Because you know, planes…children, these things are completely analogous. Professor Warren said “By choosing to reproduce, you’re responsible for some fraction of the carbon-dioxide emissions of your children and grandchildren, and all their descendants. This is your ‘carbon legacy.’”
Mhmmmm. That’s, of course, the same logic that has now made reparations a serious part of political discourse.
Eighteen-year-old Ezra Benner tried to use a chain to lock the University of Washington College Republicans inside a room where they were holding an event, according to Campus Reform. Benner was charged with disorderly conduct and the College Republicans are trying to pursue another charge of unlawful imprisonment.

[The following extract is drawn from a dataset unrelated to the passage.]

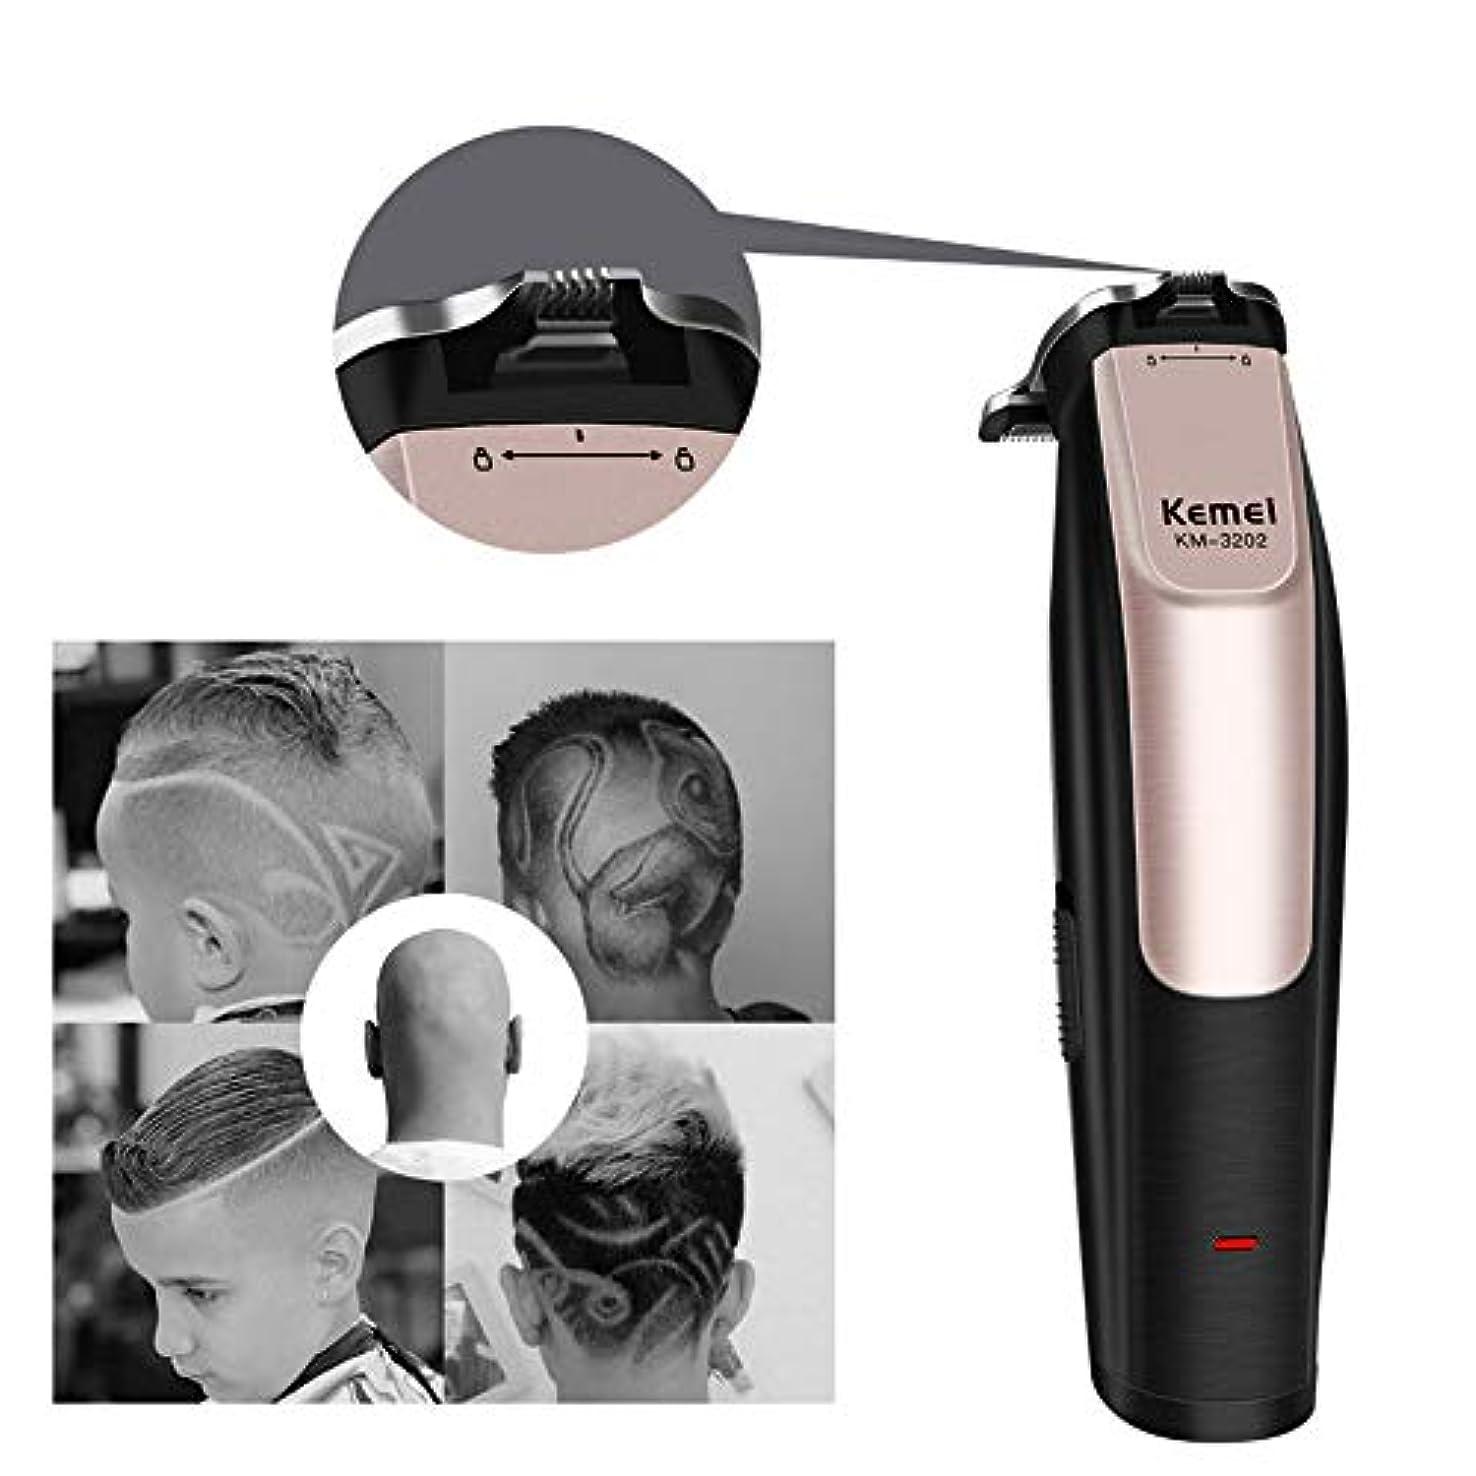 とまり木俳優ブラストバリカンは、0mmのBaldheadedヘアートリマーUSB充電式彫刻は男性の髪のカッティングマシンの精度でバリカンをカービング
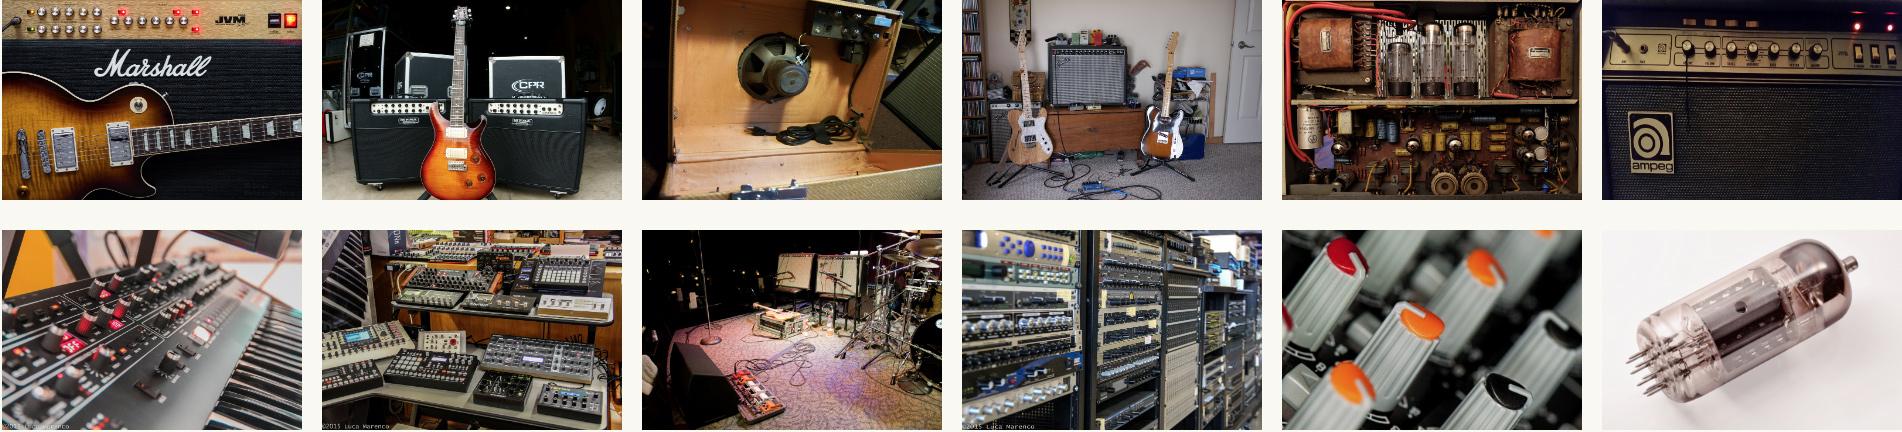 Servicio técnico en electrónica - Amplificadores valvulares, híbridos y transistorizados - Atención integral al músico

Before that, a local Antifa chapter had posted to Facebook, encouraging people to come and deplatform the event, taking issue with the College Republicans’ association with the Proud Boys and the YouTube man-on-the-street channel Operation Cold Front. Emerald City Antifa said “some useful tactics might [be] to sit in using large items that take up additional seats, maybe with headphones in so you don’t have to hear their garbage, or noise demo tactics such as whistles to make it difficult for them to speak over.”
And the UW chapter wasn’t the only College Republicans group to have some problems this week. Western Oregon University’s chapter had an event with Joey Gibson that was protested.
This is the quality of opposition you get at these events: “f*** you, Nazis” from people who probably couldn’t define national socialism and “hate speech is not free speech” from people who probably haven’t read the First Amendment.